Top Rarely Used Pandas Function In 2023 One Should Know
When it comes to data preparation using Python, the term which comes to our mind is Pandas. No, not the one whom you see happily munching away on bamboo and lazily somersaulting.
Well, a library for prepping up the data for further analysis. Be it finding out which columns need to be removed or which features are to be created from the existing features. Pandas help us with all these questions. Everything and anything which requires your data to be prepped up for future analyzing steps, Pandas comes up as a handy tool.
All of the functions we’ll discuss now fall under the data preprocessing step. The preprocessing step is an essential step, be it from the view of data preprocessing or the building of a machine learning model over the data. It helps clean, transform and prepare the data for further analysis. In many cases, the raw(un-processed) data might be incomplete and have some errors, which is well addressed when data preprocessing is done.
Here, in this article, we’ll quickly see some of the basic Pandas functions, which are not much used but can be very useful and convenient, especially if you’re a newbie or noob 😛
Let’s dive in!
- Understanding some rarely used python data analysis functions.
- Illustrating how to use these pandas functions effectively with examples of real world-scenarios and understanding it better with code snippets.
- To show the benefits of these pandas functions and how they help in data preprocessing and analysis.
- Hands-on examples and code snippets for the readers to practice and implement.
Table of Contents
- Ffill and Bfill Function
- Shift Function
- Select_Dtypes Function
- Clip Function
- Query Function
- Melt Function
- Where Function
- Iat Function
Ffill and Bbfill Function
There are many instances where data in certain places don’t get captured, resulting in missing values. We need to treat the missing values so that it doesn’t lead to incorrect results in the long run when building a machine learning model on the same data. So, we would substitute the missing values which is called Missing Value Imputation. There are many ways to impute the missing values, but we’ll be discussing the functions ffill(forward fill) and bfill(backward fill). Let’s quickly see them. But what’s the basis on which we are imputing the values? In general, it’s a good idea to use forward fill (ffill) or backward fill (bfill) when the data has a temporal ordering and you want to propagate the last known value forward or backward in time, respectively, to fill in missing values.
Important to Note:
Missing Values Imputation using ffill() and bfill() is useful when the data has a temporal ordering, or if there is a trend or pattern which we wish to maintain. If our data is not of the above type, then it may be more appropriate to use the mean, median, or mode values to fill in missing values. Still, this might cause the loss of some information. It’s also important to note that, in any case, the choice of imputation method will depend on the specific characteristics of the dataset, so it’s often best to try different methods and see which one gives the best results.
The ffill method example,
We have the following dataframe. And we want to fill in the missing values.

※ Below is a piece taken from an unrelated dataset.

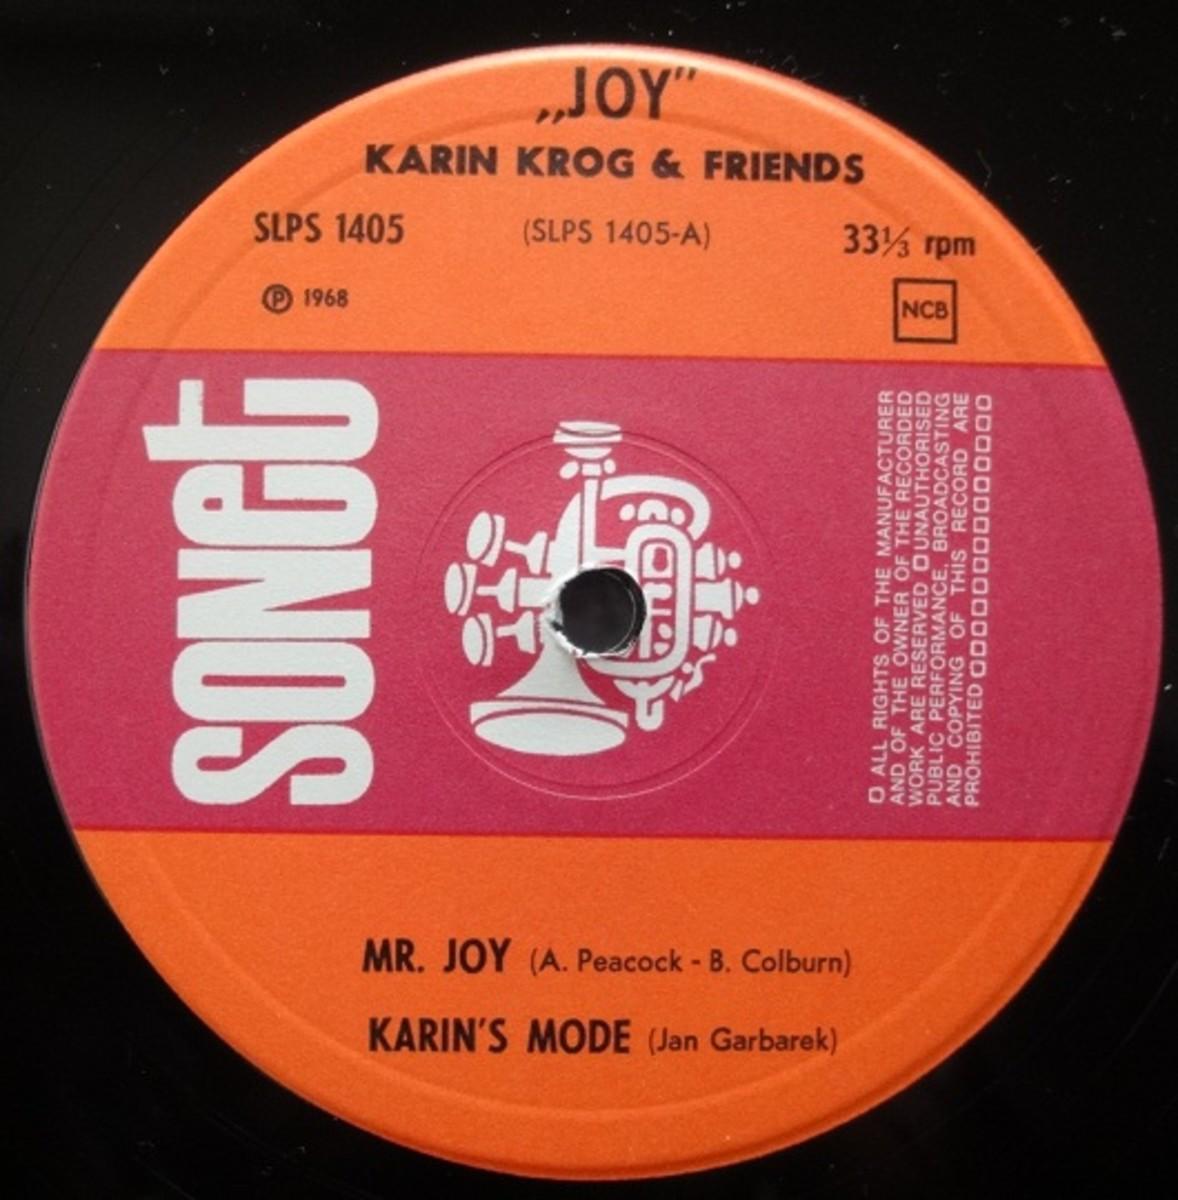 Karin Krog's formative jazz album Joy, on vinyl.

Here, we’ll be taking an example of a time series dataset and imputing the missing values with the ffill function. If we observe carefully, we can see an increasing trend in the dataset. Let’s have a quick look at the dataset.

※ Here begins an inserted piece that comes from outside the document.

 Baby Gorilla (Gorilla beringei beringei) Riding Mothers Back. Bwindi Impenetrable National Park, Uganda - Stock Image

We’ll be imputing the following missing values using the forward fill function.
After applying the following code, the values will get imputed in such a way that the previous value to the missing value would get forwarded.
df1 = df1.ffill(axis=0) df1
After applying the code, we get the following output. If we observe carefully, then we can see that only one observation has not been replaced. Why? Because we don’t have a value preceding the first observation.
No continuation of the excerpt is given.